Higher Geography – Urban Unit

Recent Changes to Housing in Glasgow

Refurbishing tenements:

Since the 1980s many of Glasgow's old tenements have been refurbished into highly desirable accommodation. Facilities within them have been improved, such as central heating and bathrooms, and they have been made more energy efficient. Historic features such as cornicing, ceiling roses etc. are retained.

Glasgow Housing Association Regeneration Scheme (2003):

The largest such scheme in Europe involved the wholesale transfer of Glasgow's 80,000 plus council houses to the Glasgow Housing Association (GHA), a not-for-profit social landlord. This is poor housing stock, much of which failed to meet modern standards which combined with high levels of deprivation, creates major instability in the social and economic fabric of the city, and the GHA were tasked with modernising it.

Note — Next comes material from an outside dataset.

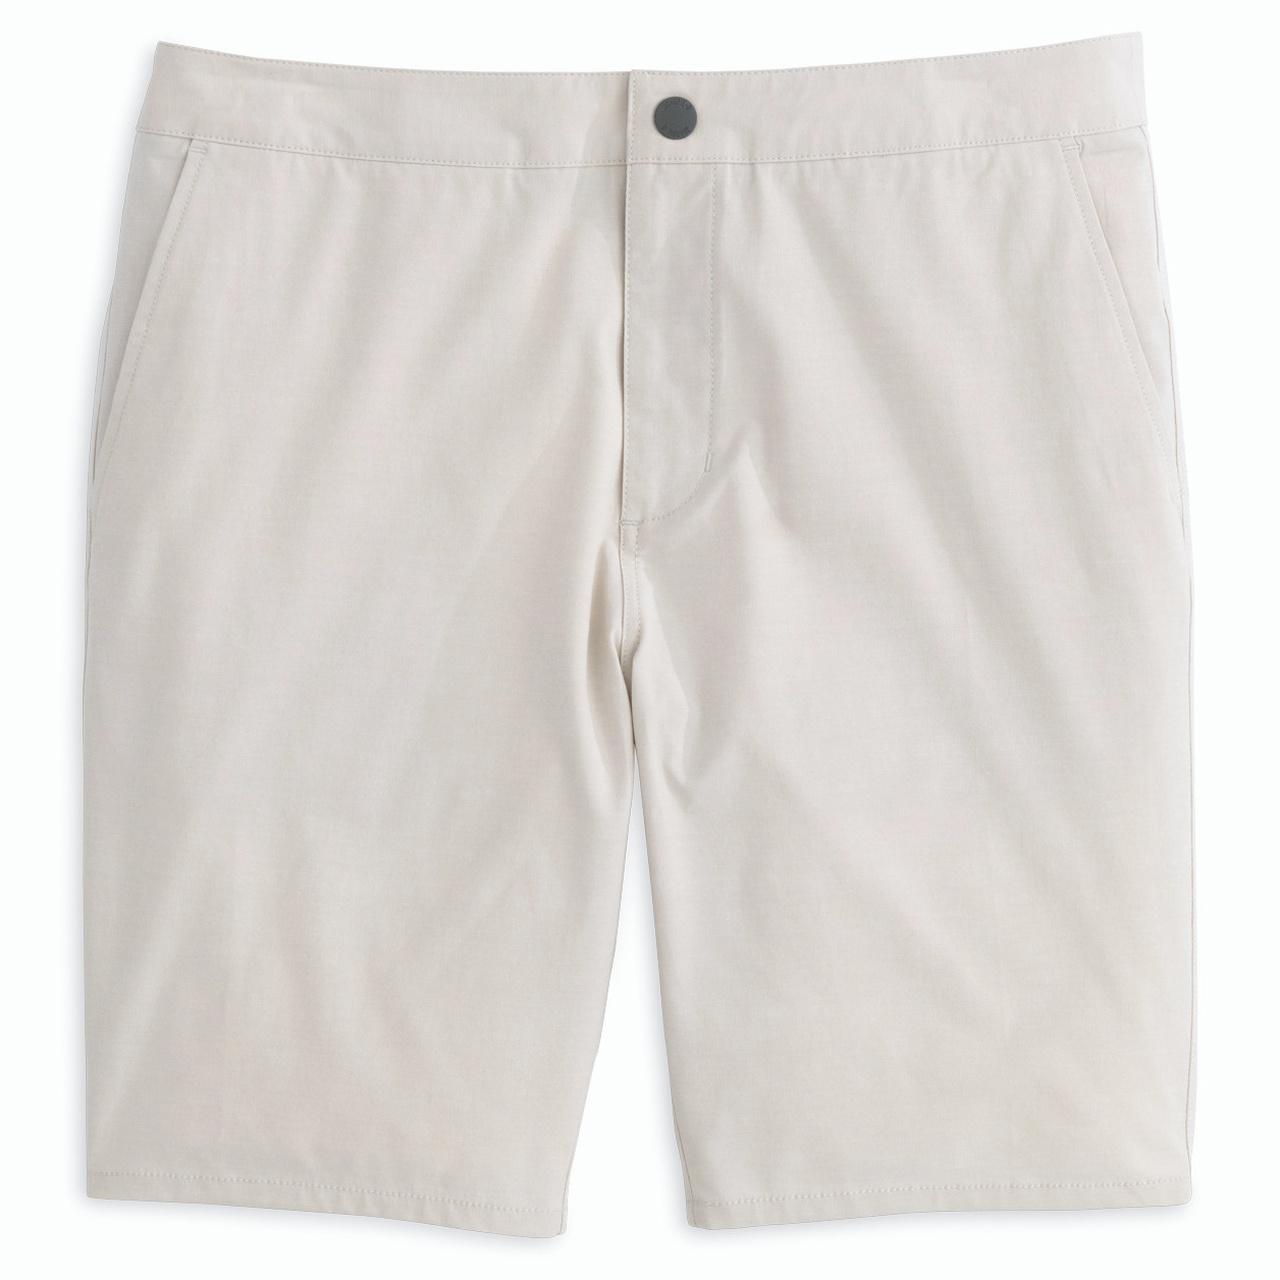 Johnnie-O Johnnie-O DAWN 2 DUSK Shorts

The change in management will see change driven by communities at a local level. Decisions are made for the good of the residents first and foremost. What is unique about the GHA initiative is the scale of this transfer of assets from public to community ownership, and the size of the accompanying financial package the association is required to implement (£1.2 billion – all from private finance).

The scale of the project is staggering. By 2011, Glasgow Housing Association's (GHA) investment in refurbishing almost 70,000 homes in the city passed the £1bn mark. Another £250m was spent between 2011-13. To date, GHA has fitted 42,000 central heating systems and 41,000 new bathrooms, and has re-roofed 33,000 homes.

The project is nearly completed and has made the properties warmer, safer and drier. It has involved overcladding and re-roofing, and installing new central heating, kitchens, bathrooms, doors, windows and wiring. It has been completed to time and to budget.

The efficient way in which the programme has worked has meant it is not just homes that have been improved, he says. "The savings allowed us to plough another £150m into community facilities, environmental schemes and play areas across the city."

The works have had a clear improvement on tenants' lives, boosting energy efficiency and halving the level of fuel poverty since 2002. But perhaps almost as significant are the wider benefits such a huge investment programme has brought. Chief among these is the economic impact. Research by Heriot-Watt University earlier this year found that the refurbishment programme had so far generated an extra £923m for the UK economy and created or supported more than 9,000 jobs. More than two-thirds of those jobs have gone to Glasgow residents.

Commonwealth Games – Clyde Gateway development:

For the games a key aim was legacy. The athletes village, built in Dalmarnock, will be will be highly sustainable and energy efficient. Once the games are completed the apartments will be transformed into over 700 new homes including 400 affordable homes (300 social rent and 100 other low cost options).The housing will include homes ready for wheelchairs.

The Clyde Gateway has delivered a number of other transformational projects, including: the Eastgate office development, Clyde Gateway East Business Park, the Olympia Theatre project and the Red Tree Business Suites and a new Dalmarnock Station. There will also be a five-mile extension added to the M74 motorway, and the East End Regeneration Route will be constructed linking the M8 to the extended M74.

This level of activity is on a scale never seen in Scotland, with more than £1billion of investment guaranteed alone between 2008 and 2014.